The positioning technology for a moving object is an important and essential component of ubiquitous computing environment and applications, for which Radio Frequency Identification(RFID) has been considered as a core technology. RFID-based positioning system calculates the position of moving object based on k-nearest neighbor(k-nn) algorithm using detected k-tags which have known coordinates and kcan be determined according to the detection range of RFID system. In this paper, RFID-based positioning system determines the position of moving object not using weight factor which depends on received signal strength but assuming that tags within the detection range always operate and have same weight value. Because the latter system is much more economical than the former one.

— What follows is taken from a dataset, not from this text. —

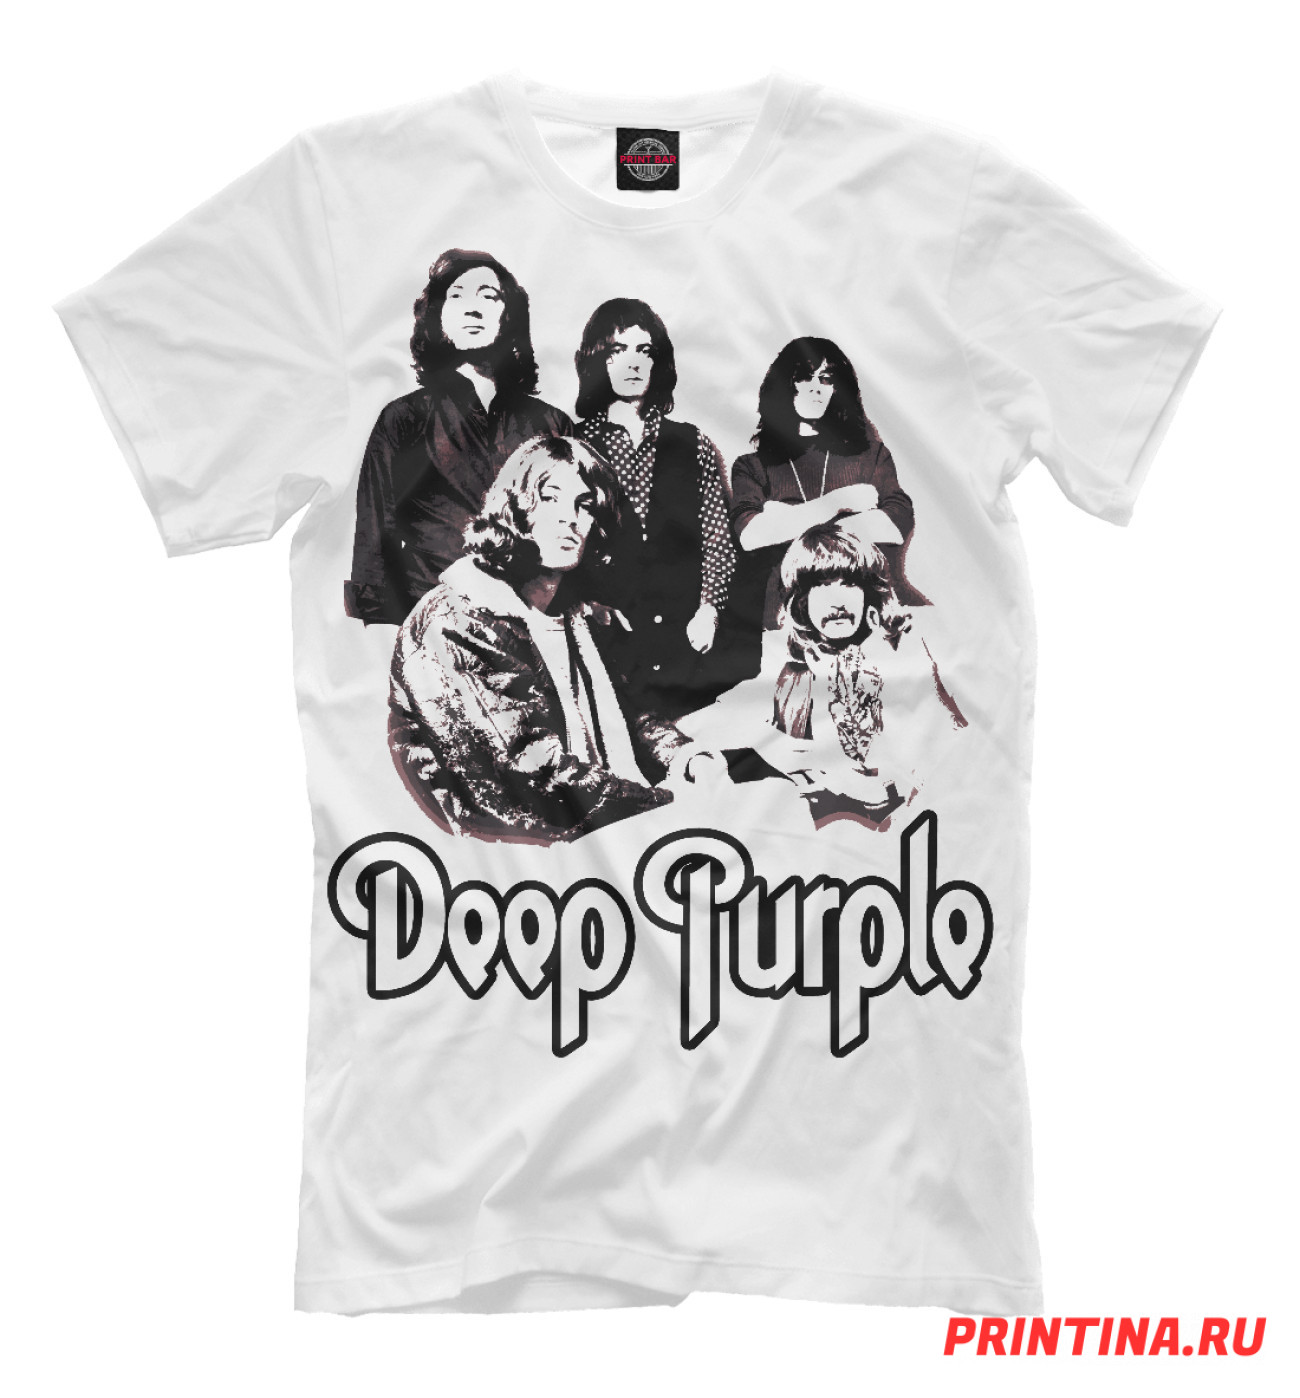 Мужская Футболка Deep Purple, артикул: PUR-709861-fut-2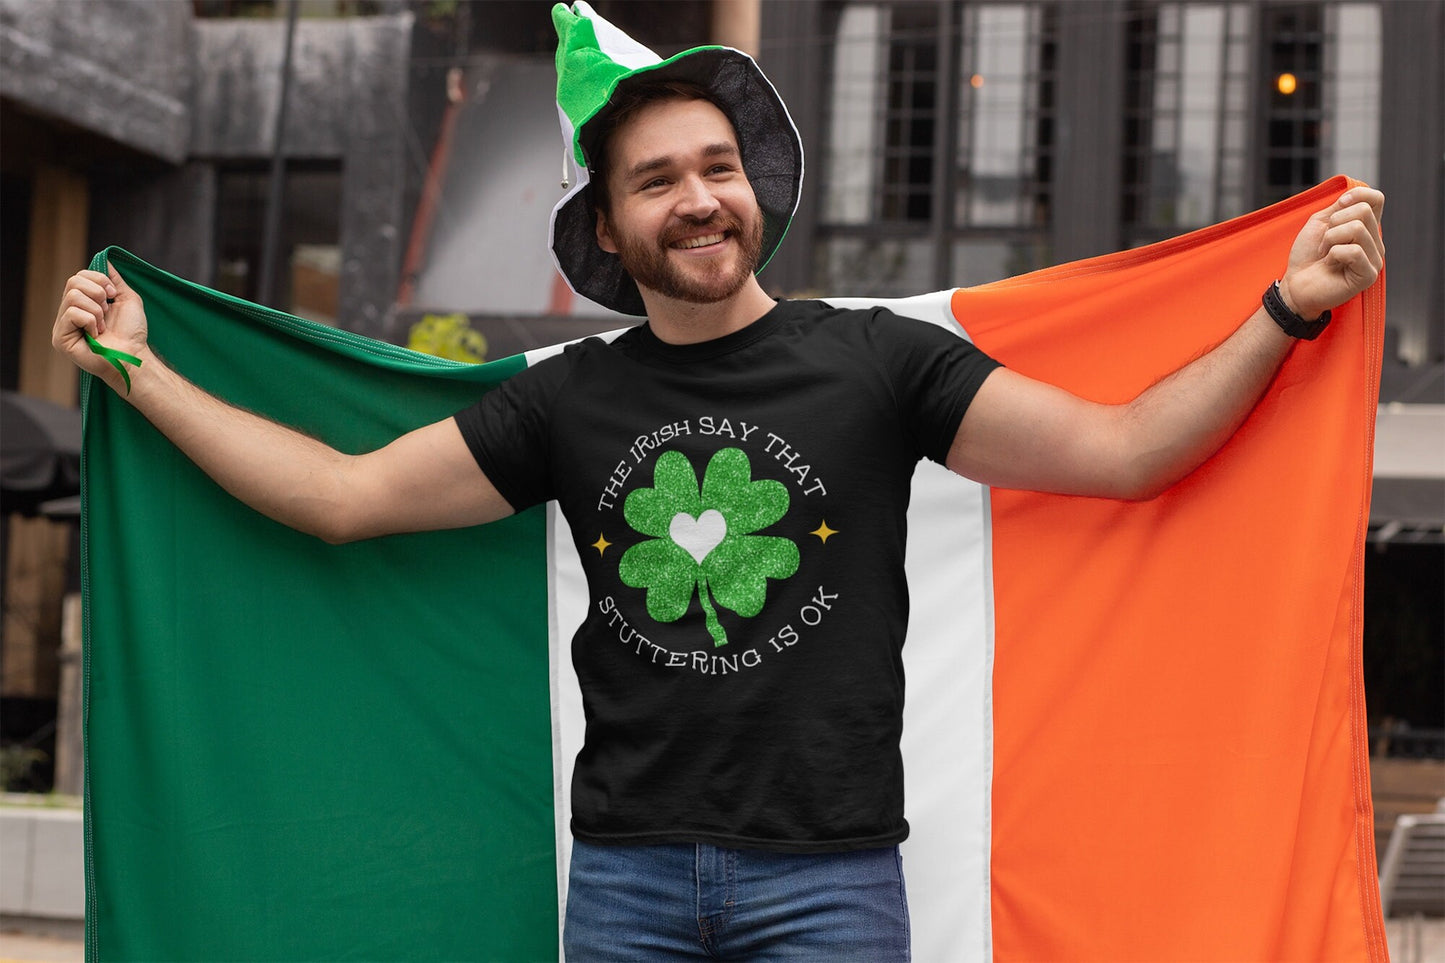 St. Patrick's Day Irish Say that Stuttering is OK Unisex T-Shirt

The geometries of tags were determined with considerations in huge buildings like office buildings, shopping malls and warehouses, so they were determined as the line in I-Dimensional space, the square in 2-Dimensional space. In 1-Dimensional space, the optimal detection range is determined as 125% of the tag spacing distance through the analytical and numerical approach. Here, the analytical approach means a mathematical proof and the numerical approach means a simulation using matlab. But the analytical approach is very difficult in 2-Dimensional space, so through the numerical approach, the optimal detection range is determined as 134% of the tag spacing distance in 2-Dimensional space. This result can be used as a fundamental study for designing RFID-based positioning system.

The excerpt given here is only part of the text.